De tal modo, la Declaración de Derechos del Hombre y el Ciudadano, que es uno de los antecedentes históricos de la Declaración de Derechos Humanos, parte del principio de que la naturaleza humana, el ser persona, es inseparable de la libertad, el derecho a la propiedad, a la seguridad y su natural resistencia a la opresión. Los animales podrían batallar por su libertad, y hasta inmolarse cuando se sienten inseguros u oprimidos. Pero solo los seres humanos y no los animales pueden tener conciencia de ser libres, propietarios, sentirse seguros y escapar a la opresión por diversas vías.
Porque se es humano primariamente, y porque la conciencia ha alcanzado un alto desarrollo evolutivo, es que el hombre se relaciona con otros y es capaz de organizarse, de prever el futuro, de construir herramientas para mejorar su propia vida y la de los demás. Tal antropología nos lleva a la sencilla conclusión de que animales y seres humanos podemos compartir algunos "derechos" y otros no.

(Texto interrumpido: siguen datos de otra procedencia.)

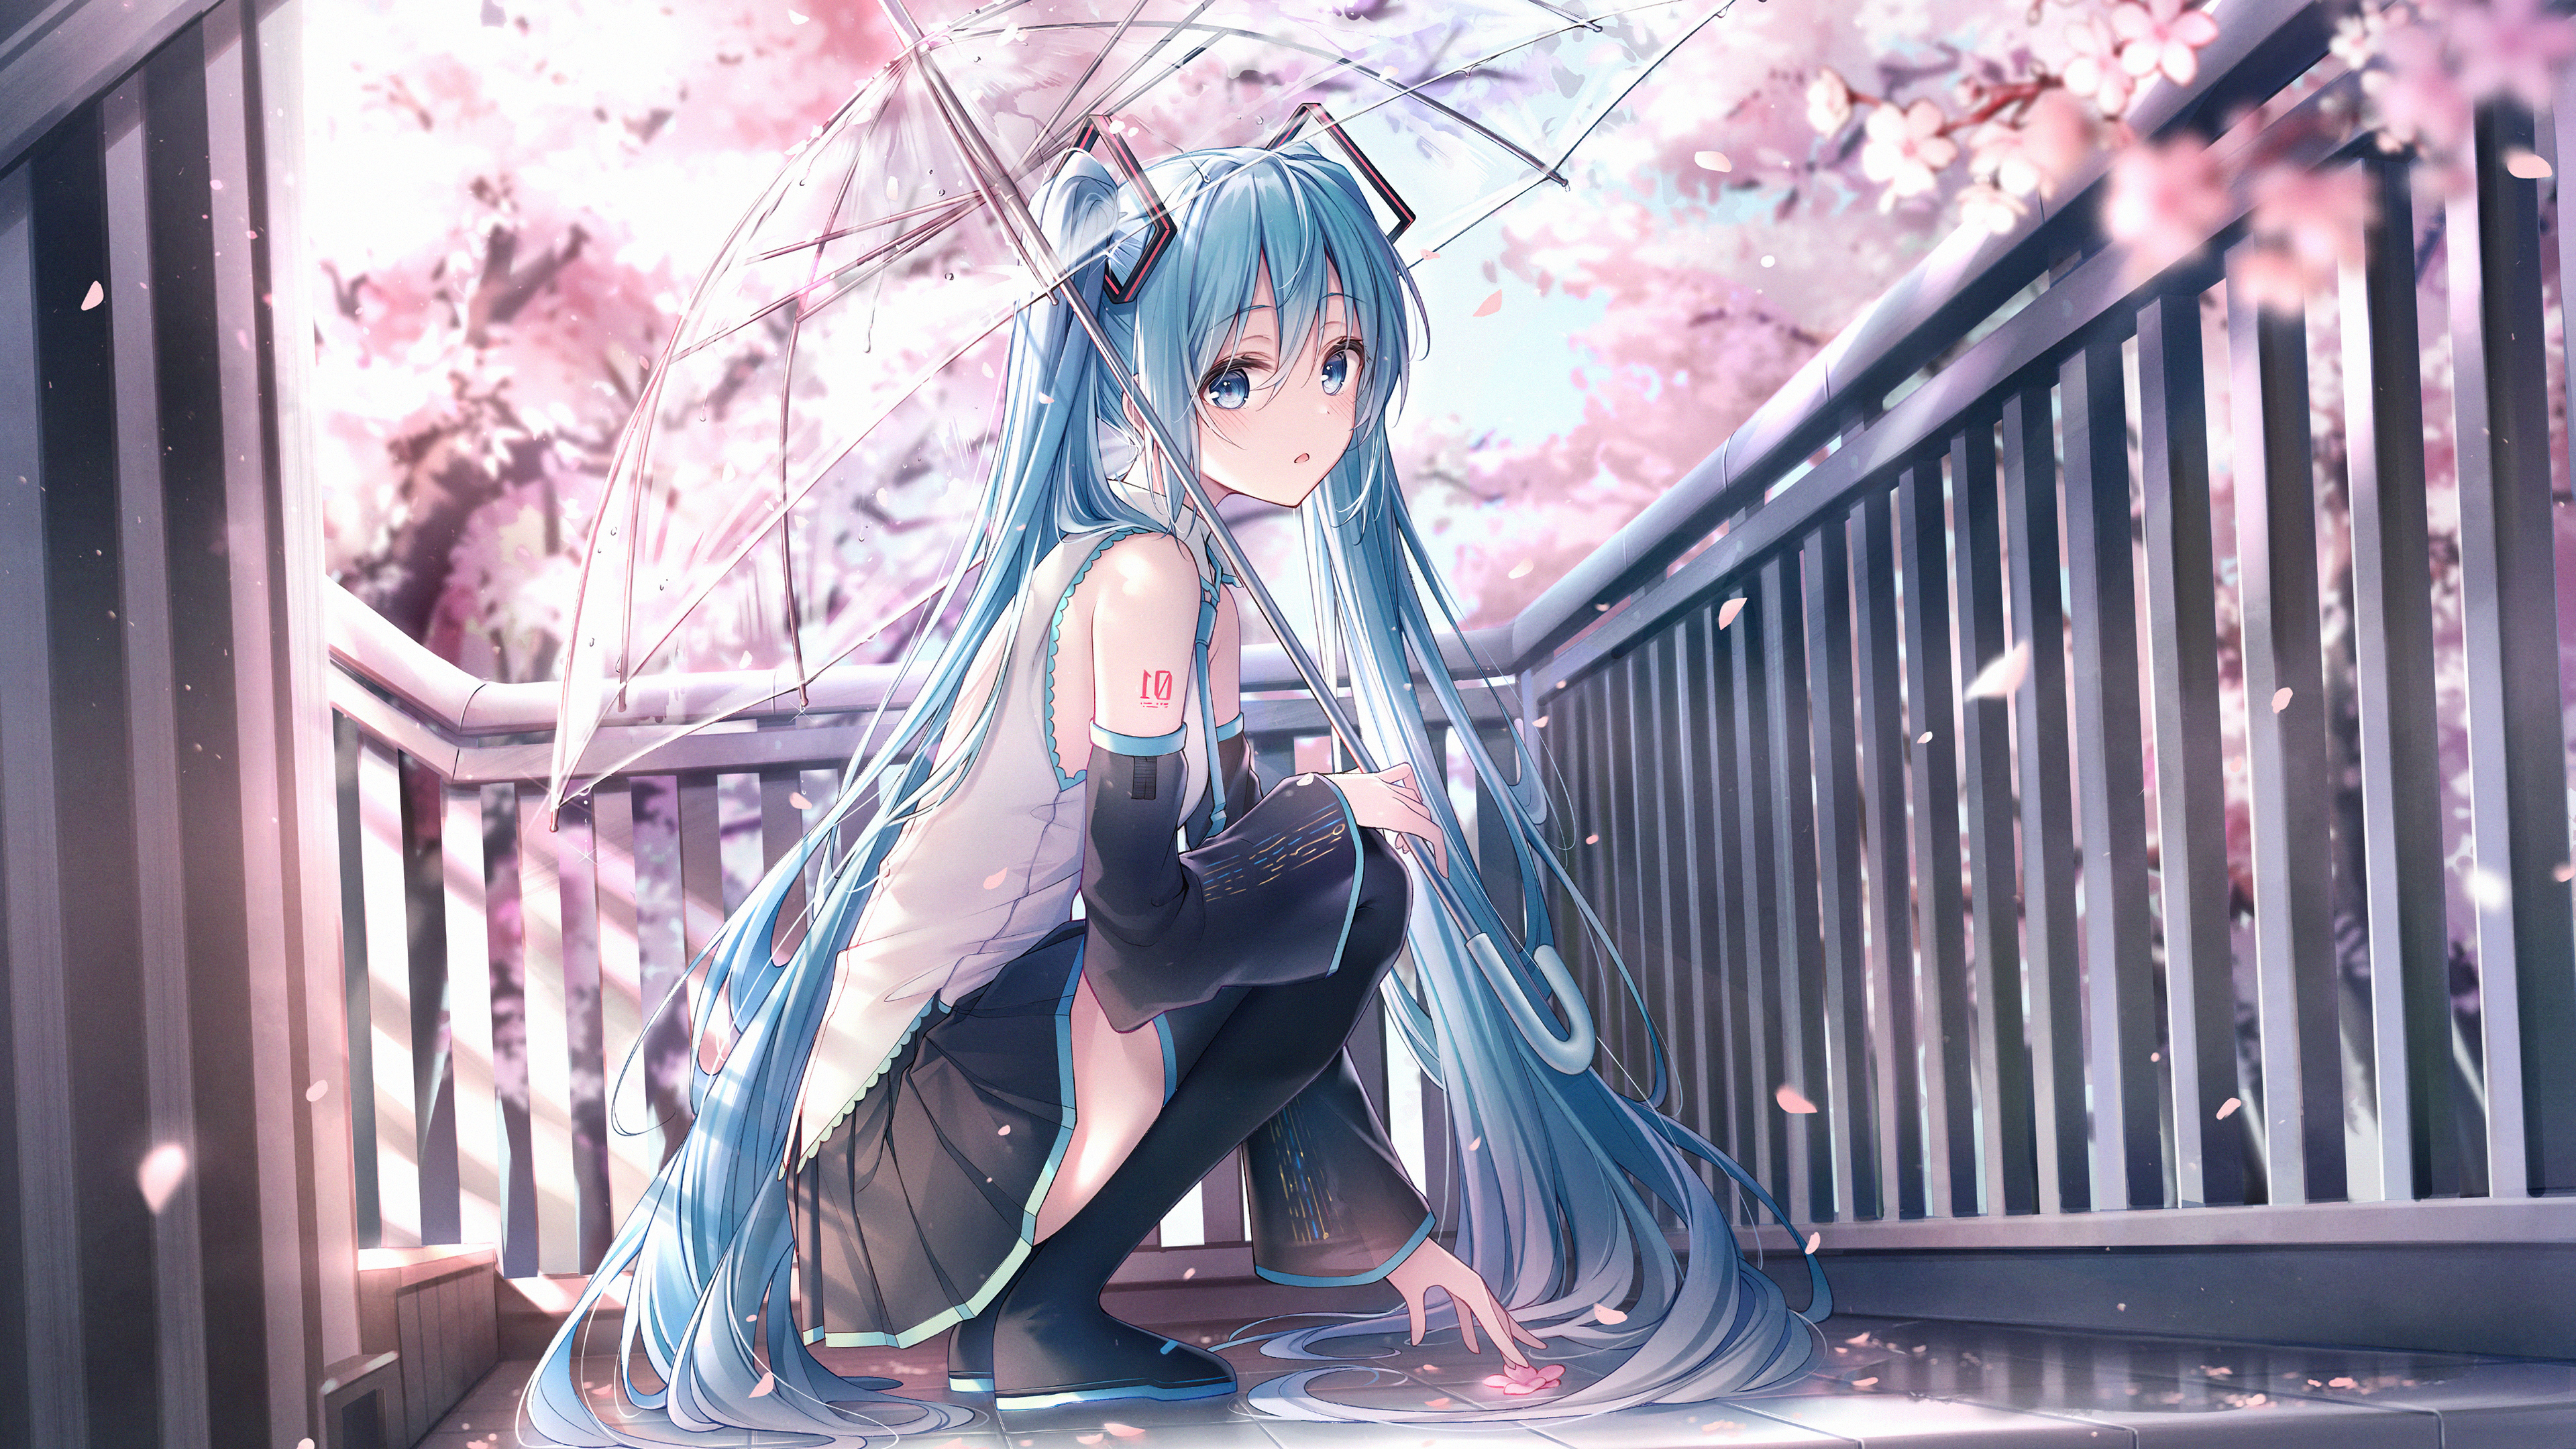 A long haired anime girl with blue hair and a black dress sits on the ground with a white umbrella. - Aqua

No quiere decir que unos derechos sean más importantes que otros; quiere decir que para hablar de derechos primero hay que hablar del hombre como ente individual y social, y aquí es donde no hay politización posible.
Cuando algunas sociedades totalitarias hablan de derechos humanos, y mencionan el derecho a la salud, la educación, la seguridad social, la alimentación y el trabajo, pueden perfectamente estar hablando de animales y no de personas. Un perro o un gato jamás pedirán, según Maslow, "necesidades de ser". Ellos desconocen lo que es decidir que quieren comer, a donde ir, con quien relacionarse. Tampoco pueden los animales ponerse de acuerdo con otros animales para pensar parecido, y hacer un partido político, practicar una religión o ninguna, apropiarse de un pedazo de tierra y hacerla producir. No pueden expresar, porque no hablan, su descontento con los dueños y poner en conocimiento de otros animales esas contrariedades. Podrán ladrar o maullar, pero solo hasta ahí. Para colmo, hay algunos que creen que los animales les sirven, y no son para ser servidos.
Hay muchos seres humanos en el mundo privados de derechos elementales como la educación, la salud y la seguridad social. Privados de un nacimiento seguro y una muerte con decoro. Y eso está mal. Pero invertir la pirámide de las necesidades humanas para que la autorrealización humana esté supeditada a tales derechos, es acercar a los hombres a la condición de bestias, de seres irracionales. Eso es, además, imposible. Por mucho adoctrinamiento, miedo, indefensión aprendida, no se le puede pedir a un hombre que renuncie al libre albedrio, a su derecho más humano, que es su conciencia. En la cárcel más tapiada y en el desierto más vasto, el hombre seguirá soñando con la libertad.
Los derechos humanos no son, además, una cifra. Un porciento: este país es más humano porque cumple tanto por ciento más de derechos. Ese es el ineludible anti-discurso del totalitario: números. Los derechos de las personas se ejercen, se practican; no se cuentan ni se tienen como una meta. Los derechos de las personas se sienten, se disfrutan, se observan en sus risas y en sus sueños y nadie hace chistes con ellos porque no hay calamidad de la que ironizar.
Ciertamente, politizar los derechos de las personas, usarlos como armas, les resta el tinte de humanidad que tienen de manera exclusiva. Imponerlos puede ser aún más peligroso, sobre todo a pueblos que no conocen, siquiera, ni sus derechos ni sus "izquierdos". Demoledoras y premonitorias son las primeras páginas de El siglo de las luces (1962), de Alejo Carpentier. En el barco que lleva a América por primera vez la "Déclaration des droits de l'homme et du citoyen" viaja también La Máquina. Va en la proa, dibujando su silueta en la noche. Debidamente enfundada y engrasada, está lista para empezar cuanto antes su eficiente trabajo.